Material provided:
►

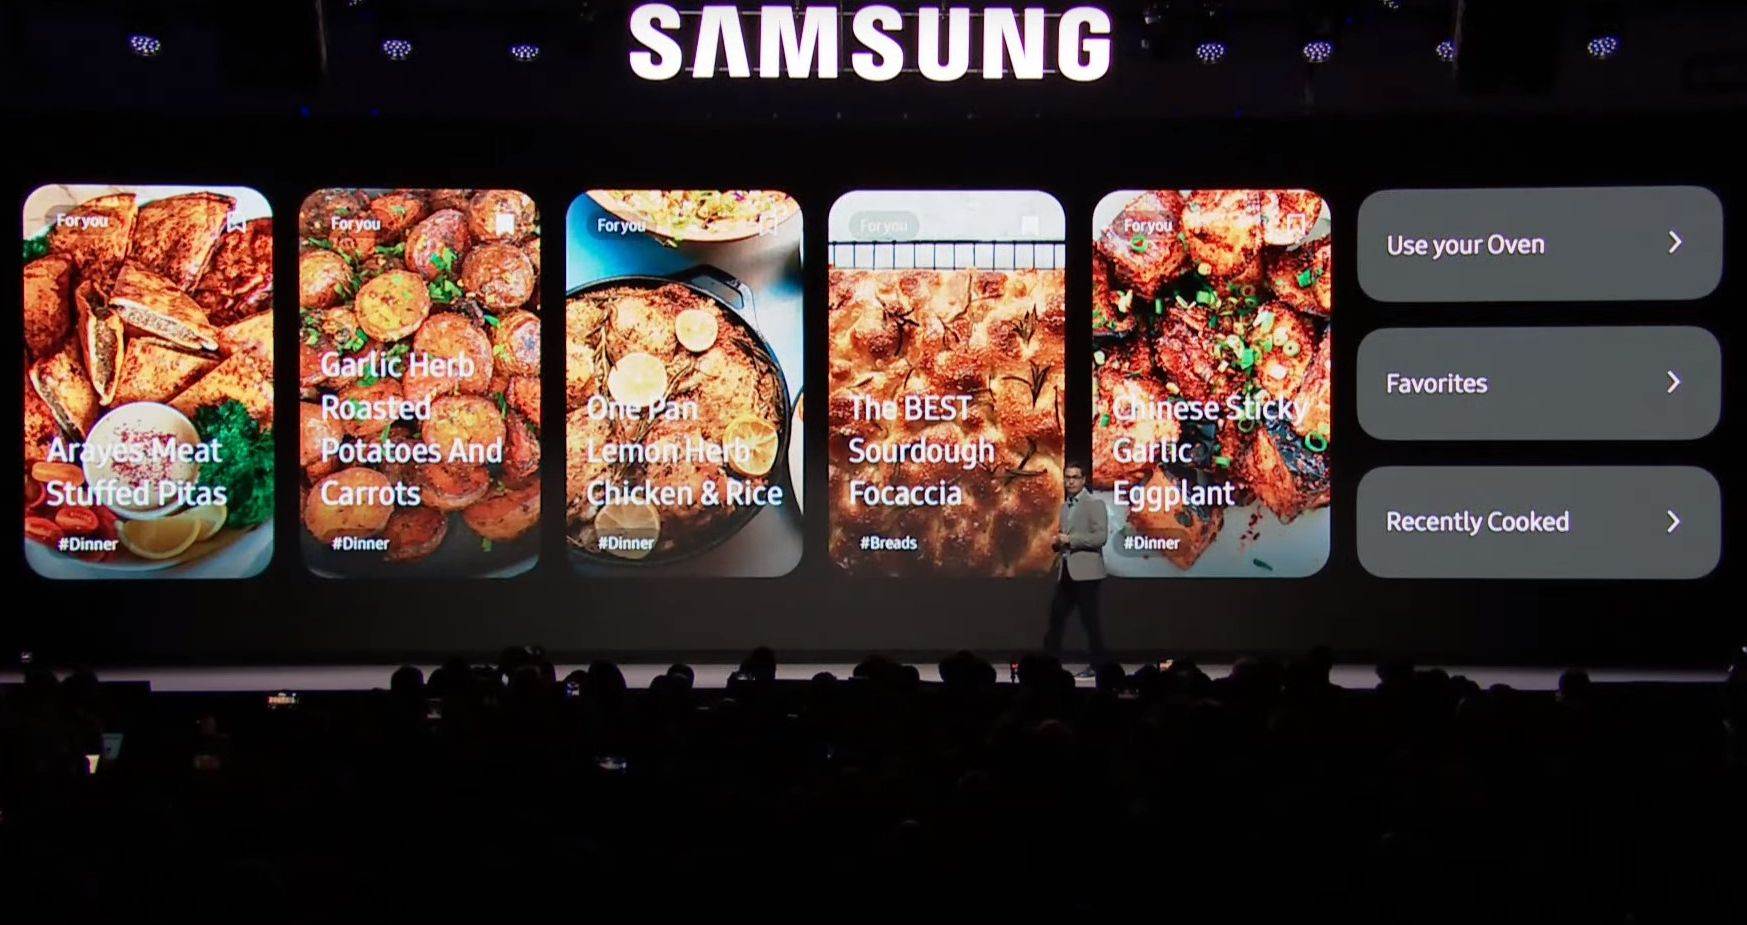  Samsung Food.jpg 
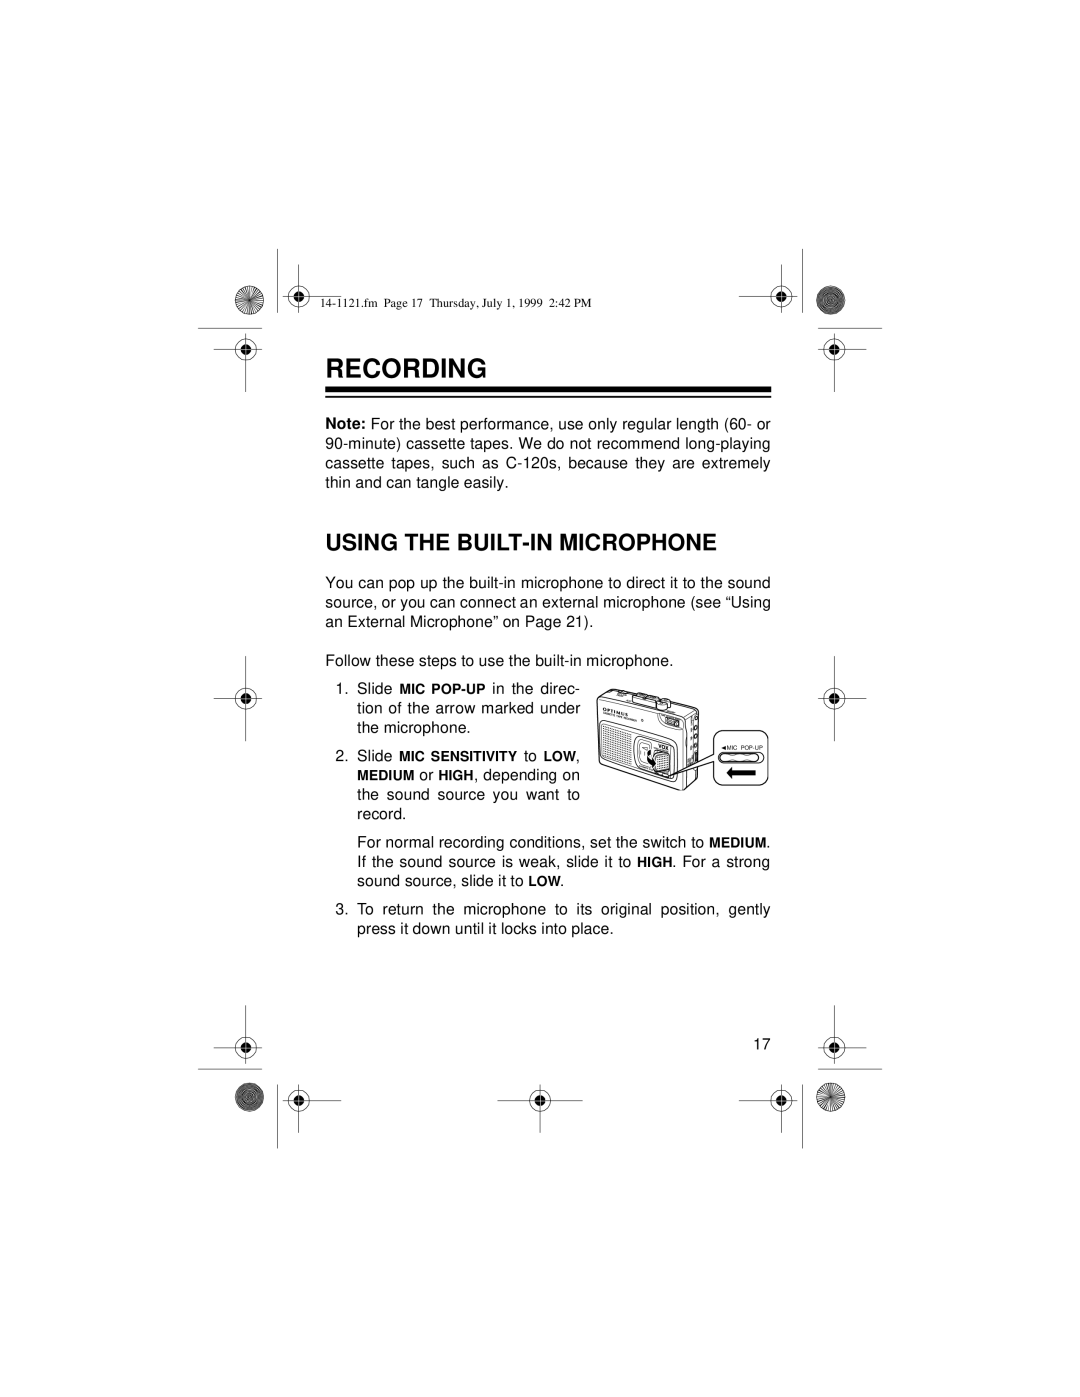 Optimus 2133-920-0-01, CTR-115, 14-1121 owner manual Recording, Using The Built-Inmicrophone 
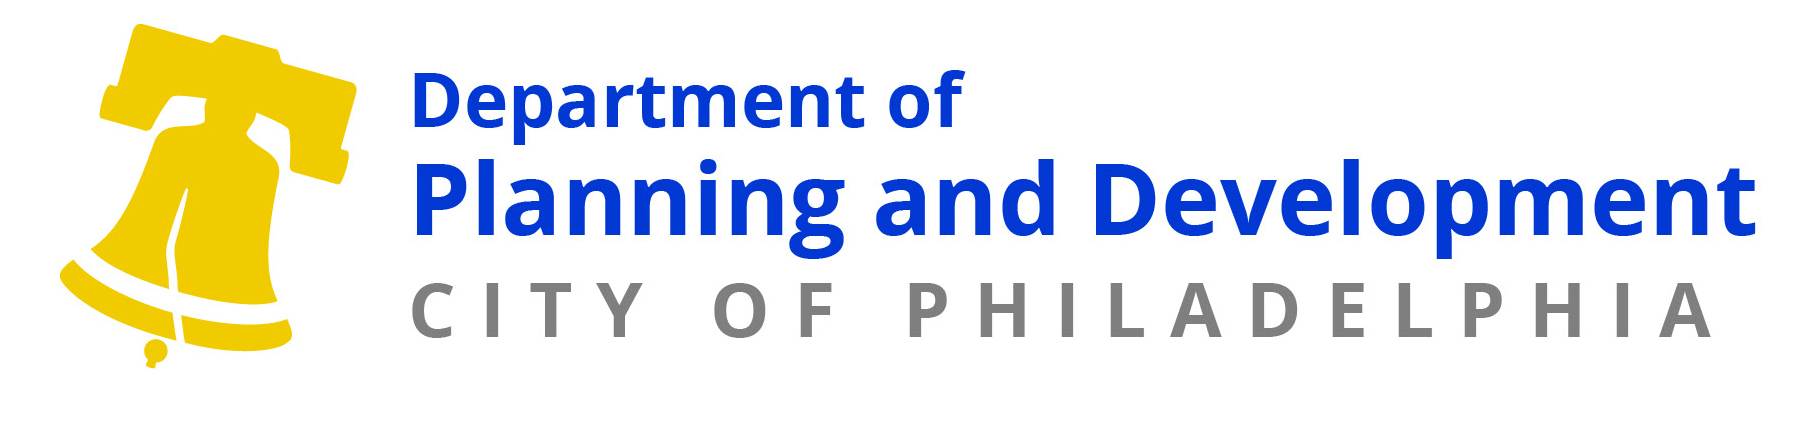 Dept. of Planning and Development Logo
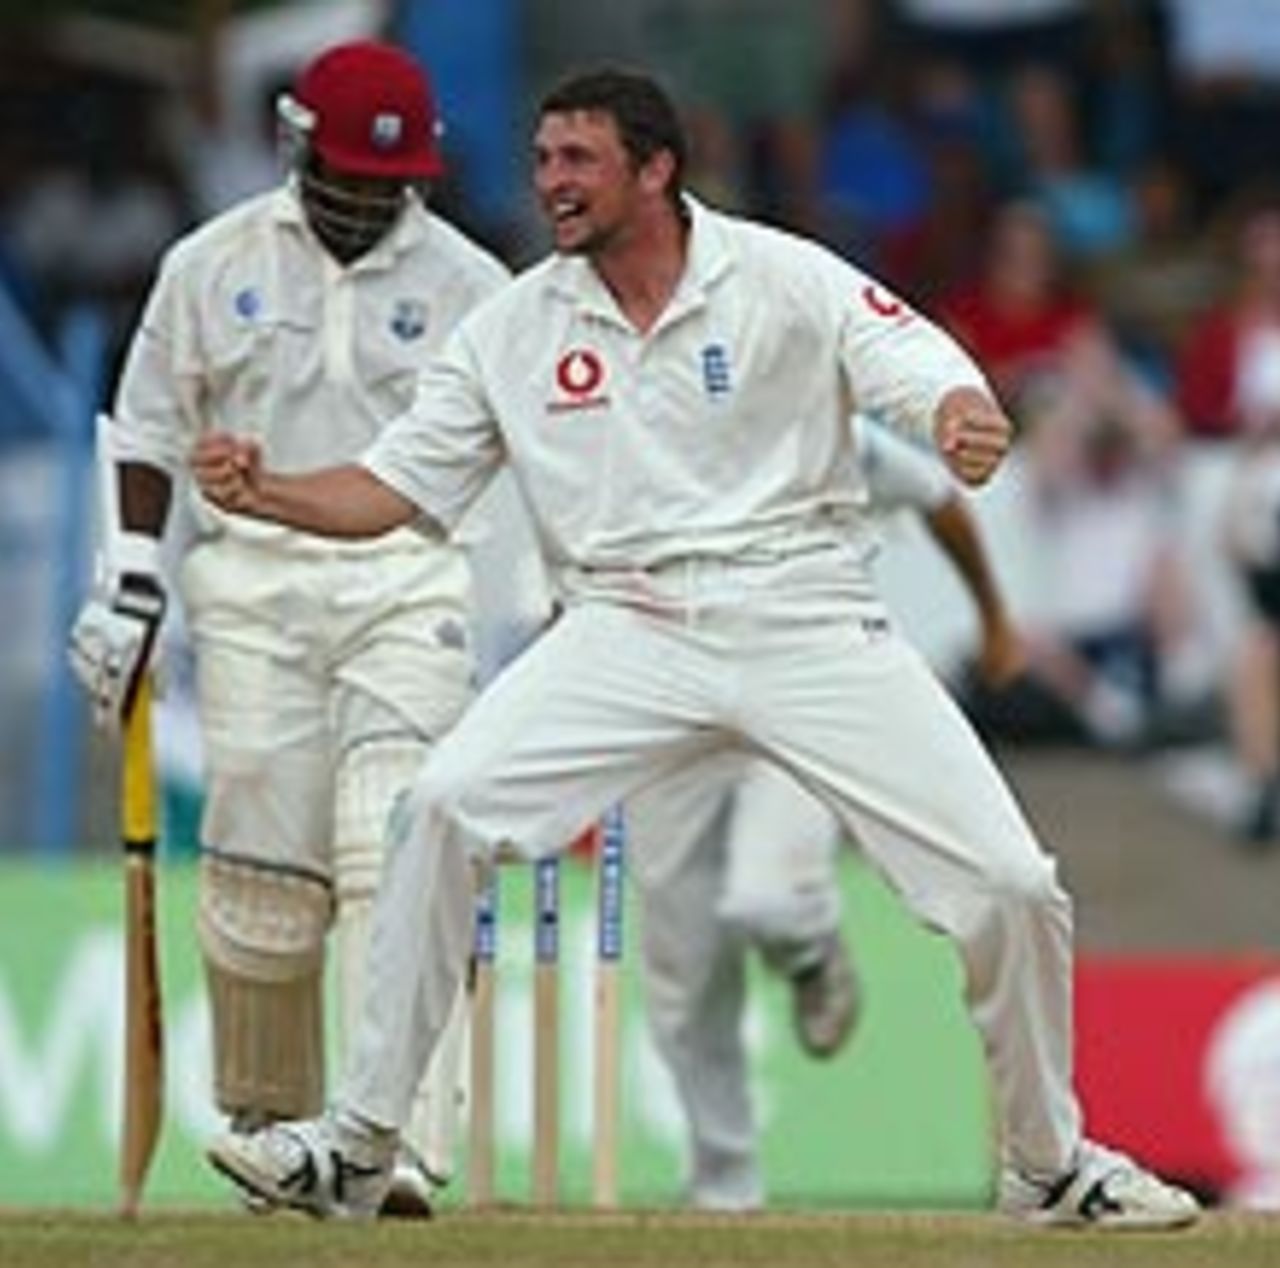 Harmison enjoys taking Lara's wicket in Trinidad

◄

What you should do: Omit every picture while copying the listing above exactly.

Written reply:
  Samsung Food.jpg 
 Optimus 2133-920-0-01, CTR-115, 14-1121 owner manual Recording, Using The Built-Inmicrophone 
 Dept. of Planning and Development Logo
 Harmison enjoys taking Lara's wicket in Trinidad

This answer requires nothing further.